One of the key components of our COVID-19 vaccine is being manufactured by Amgen to support initial clinical studies. This came about because of a strategic partnership between the University of Washington’s Institute for Protein Design (which developed Icosavax’s computationally-designed VLP technology) and Amgen, which was announced in 2019. As a UW spinout, we were introduced to Amgen.

There are a lot of unique manufacturing technologies involved with vaccines. In our case, however, because our particles are engineered to self-assemble to form the VLP, we utilize traditional recombinant protein manufacturing technologies, and of course there’s none better at producing recombinant proteins than Amgen. As we move forward with development and commercialization, there are many additional manufacturers with a recombinant protein production skillset that can help with global supply.

 

GD: What, exactly, is IVX-411 and what’s its mechanism of action?

AS: IVX-411 is a self-assembling protein nanoparticle that displays 60 copies of the SARS-CoV-2 spike (S) glycoprotein receptor-binding domain (RBD) in a highly immunogenic array. We make the individual components and when they are combined, they self-organize into VLPs. The VLP mimics what the coronavirus looks like, with lots of RBDs sticking out. When the VLP is presented to the immune system, it looks like a virus, so the immune system ramps up to help protect the body.

Because we are using the RBD as the antigen instead of the full spike protein, we expect a high-quality immune response – i.e., a significantly improved binding:neutralizing ratio. You want high neutralizing antibody titers to help fight any infection. Having lots of antibodies that are binding but non-neutralizing can interfere with the immune response, so the ratio becomes important.
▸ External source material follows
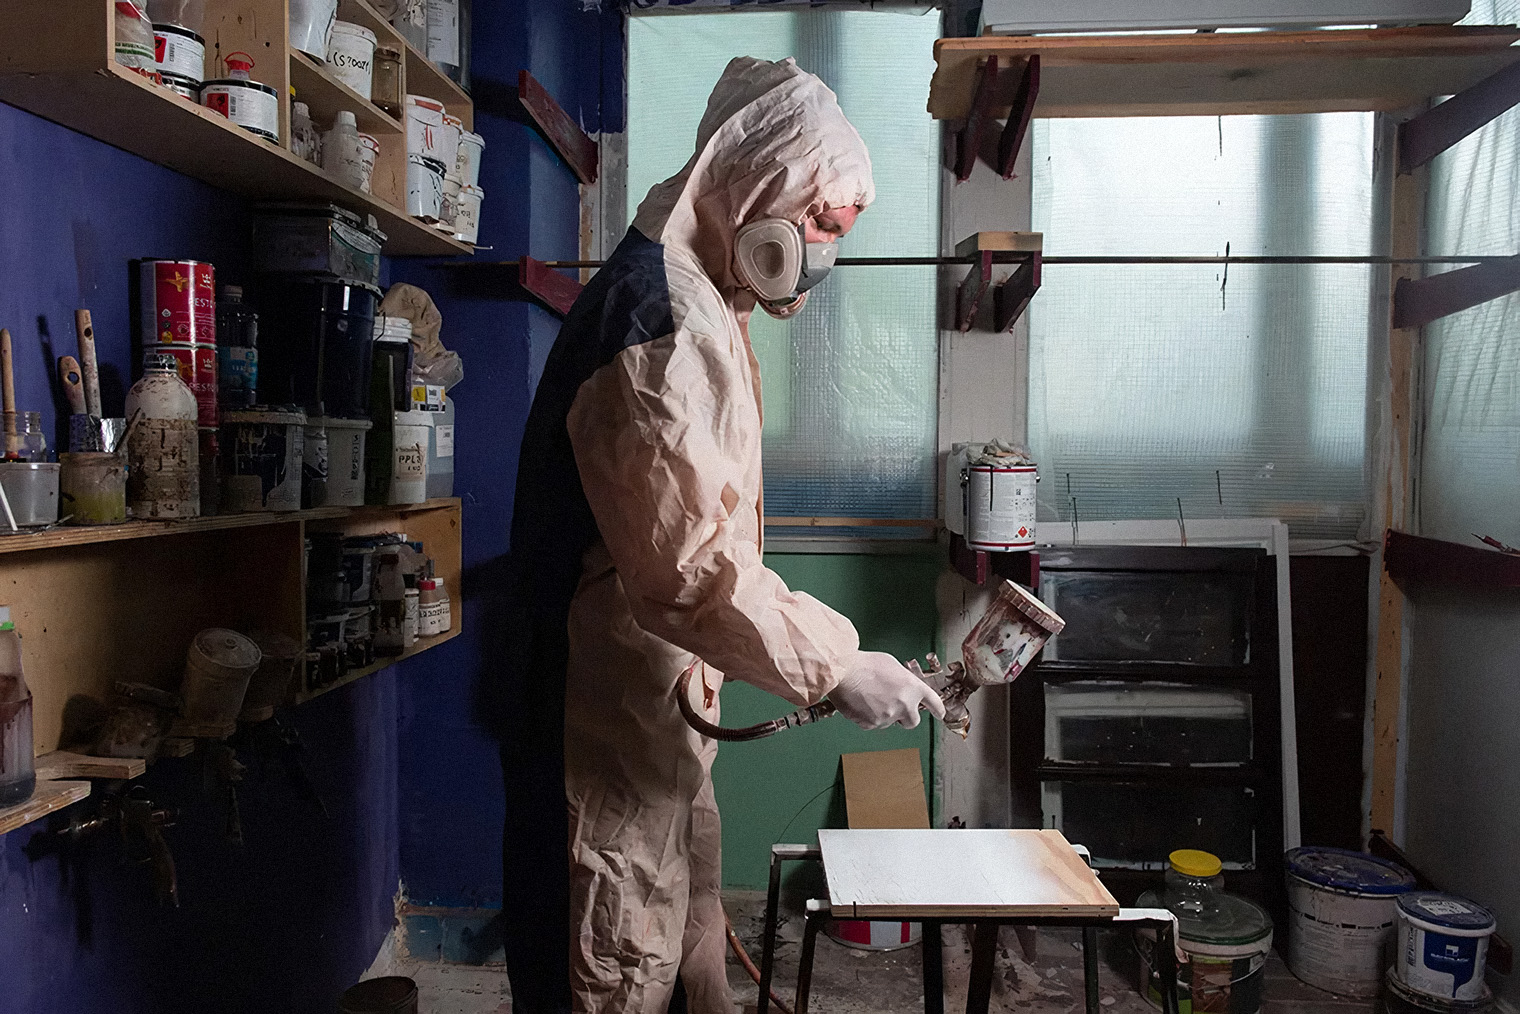 При работе с краскопультом, особенно с токсичными красками, обязательно использовать респиратор или маску для защиты дыхательных путей. Фото: Сергей Николаев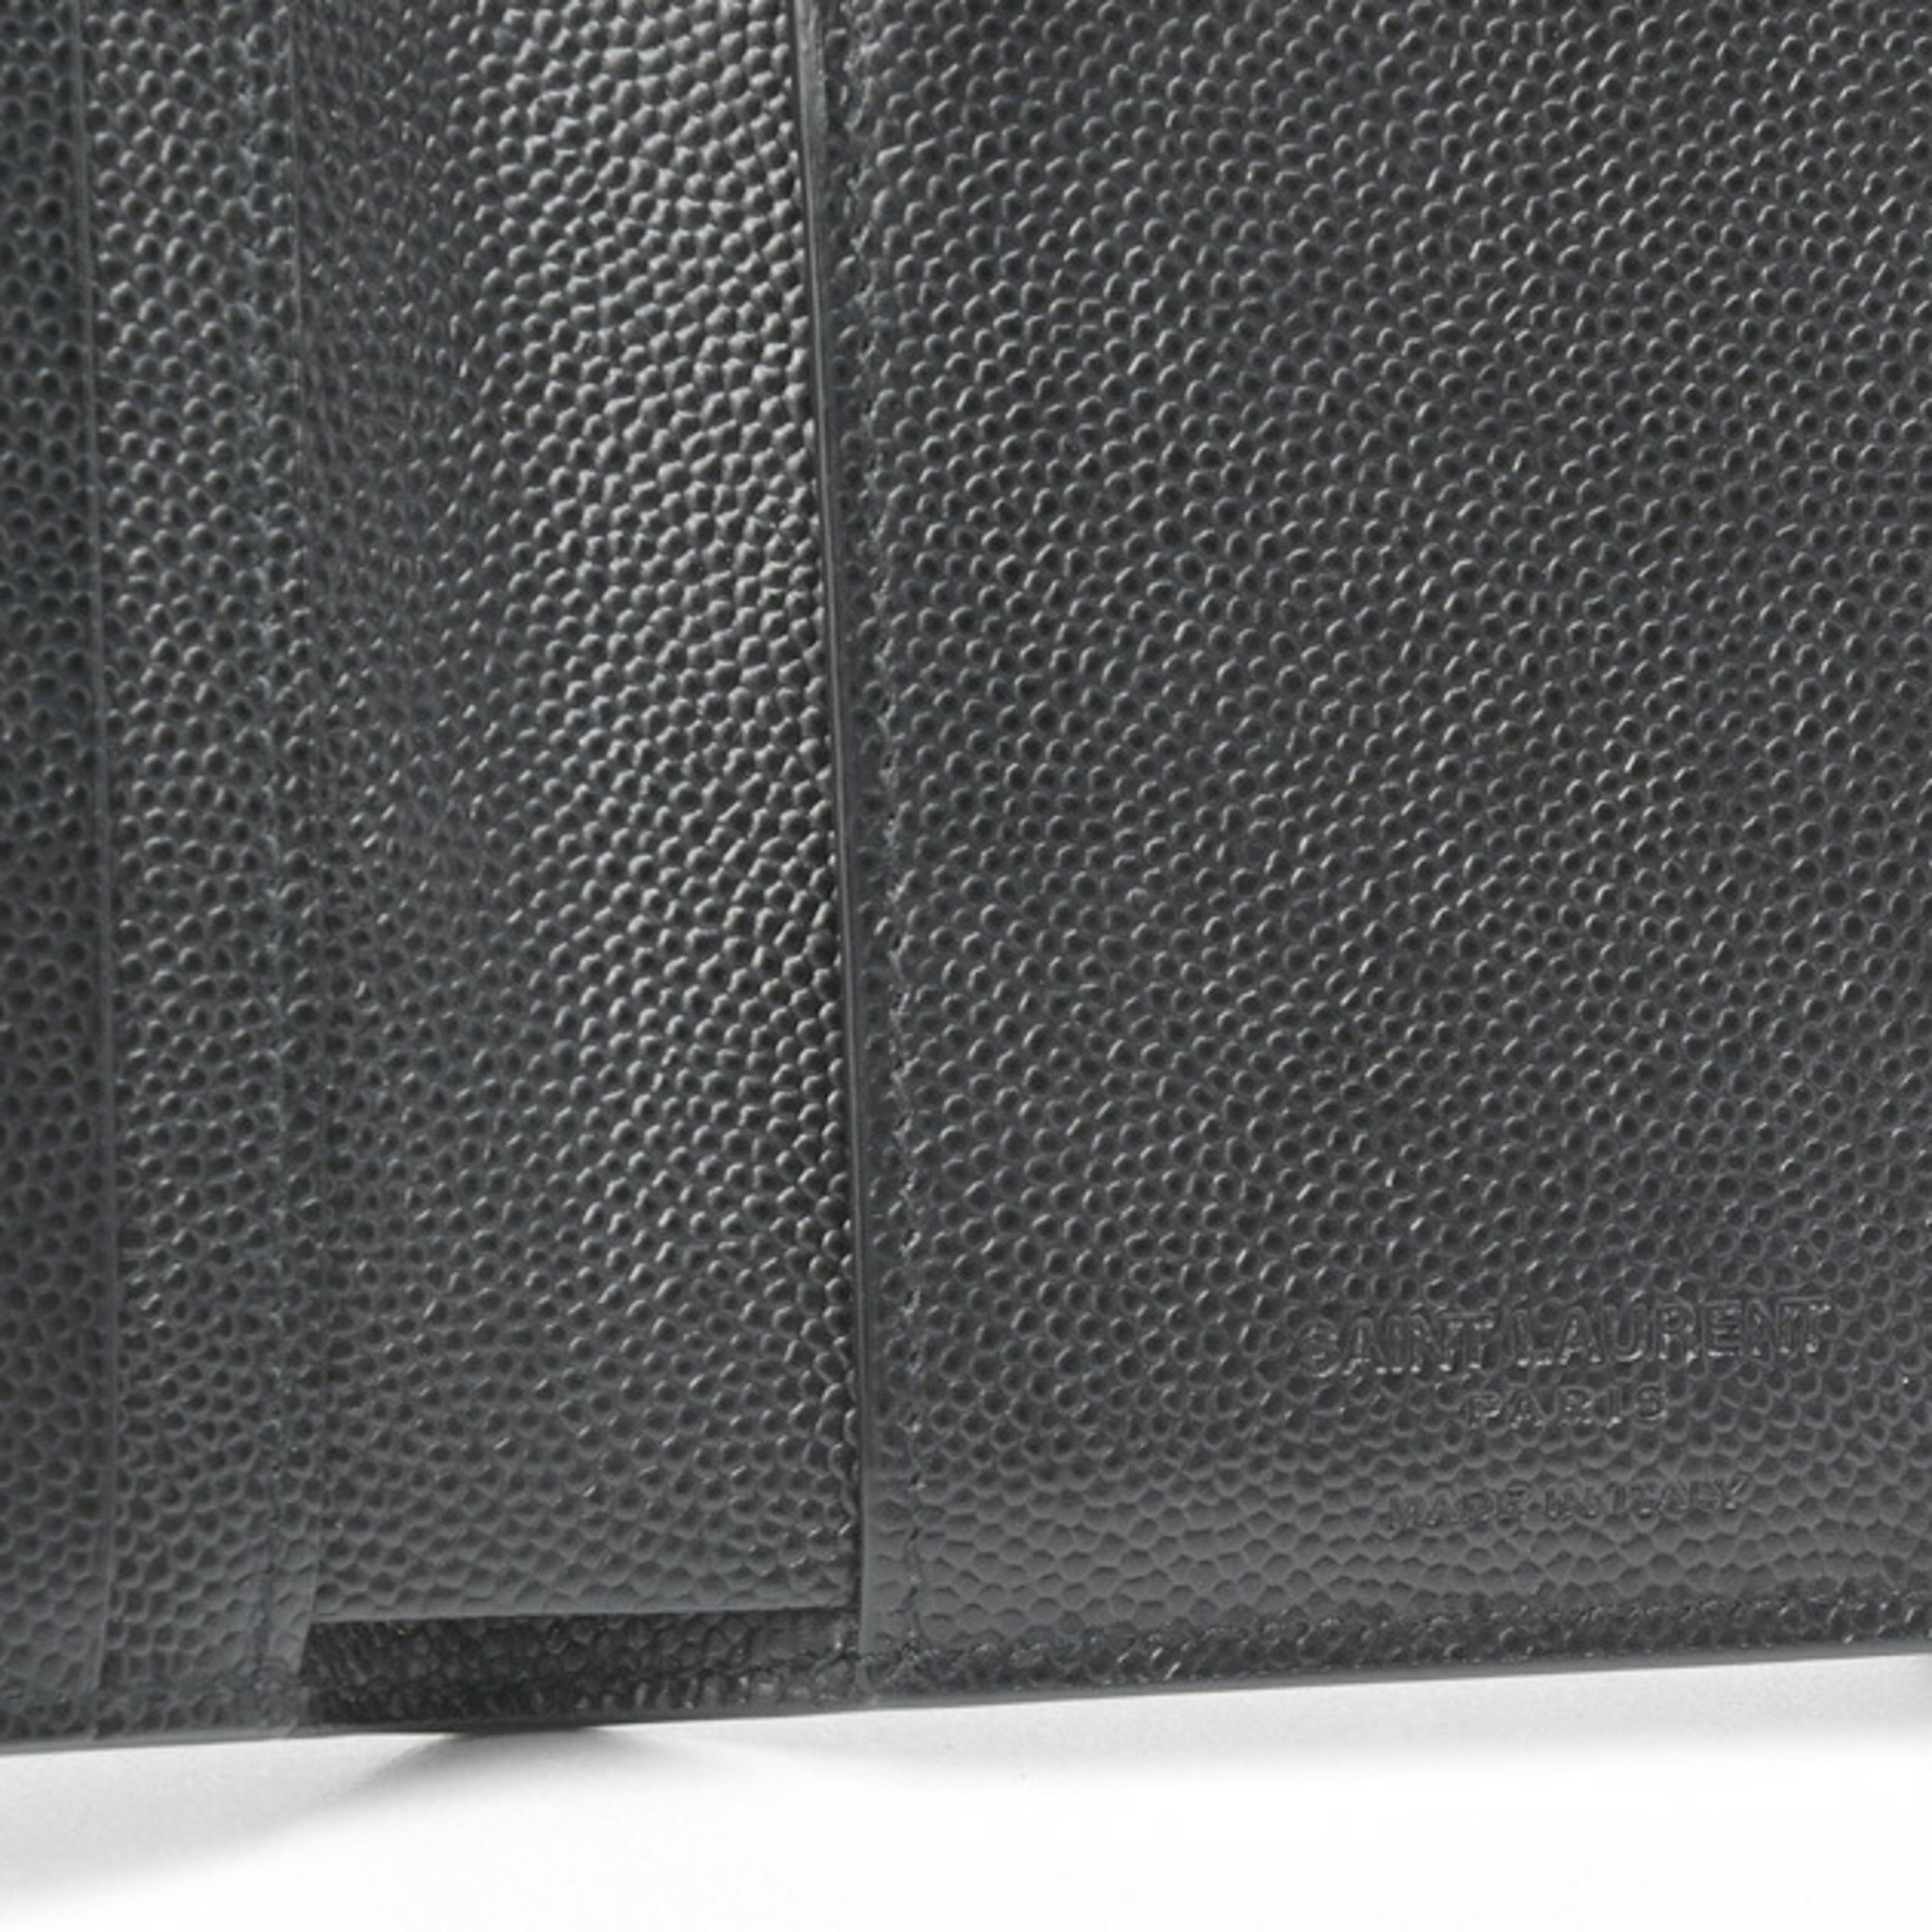 Saint Laurent Credit Card Wallet 607051 Grain de Poudre Embossed Leather

In a recent publication by David Veesler at the University of Washington, 90% of the neutralizing activity in SARS-CoV-2 exposed individuals targets the RBD. What’s particularly interesting is that in the Cell paper, when the RBD is used alone, there’s no neutralizing antibody response. This is likely why most other companies aren’t using this antigen. But when you put the RBD on the VLP, you get a really incredible immune response. Our VLP technology really transforms the usability of the RBD antigen, which appears superior to the spike protein in this paper.

 

GD: How does IVX-411 compare to the mRNA vaccines that are making the headlines now?

AS: The mRNA vaccines are incredible and their developers are using new technologies that are fast, from a development perspective. But, the most well-known of those vaccines use the spike protein as the antigen, not the RBD portion that we use. In the Cell paper, IVX-411 has 10-fold improvement in neutralizing activity with an approximate 5- to 6-fold lower dosage compared to the spike protein alone.

 

GD: How do you plan to use the new funding from the Bill and Melinda Gates Foundation and Open Philanthropy?

AS: The Bill and Melinda Gates foundation provided a $10 million grant to support the company’s COVID-19 vaccine program through the first in human Phase 1 trial in older adults, and Open Philanthropy provided $6.5 million to support development of the company’s vaccine platform technology and COVID-19 vaccine candidate. We want to help make sure that IVX-411 is ultimately available globally to help with this pandemic.

Our near term goal is to translate the preclinical results in the Cell paper into humans, with a special focus on adults age 65 and older. Our older adults focus is because 75% of deaths attributed to COVID-19 in the U.S. are in that age group.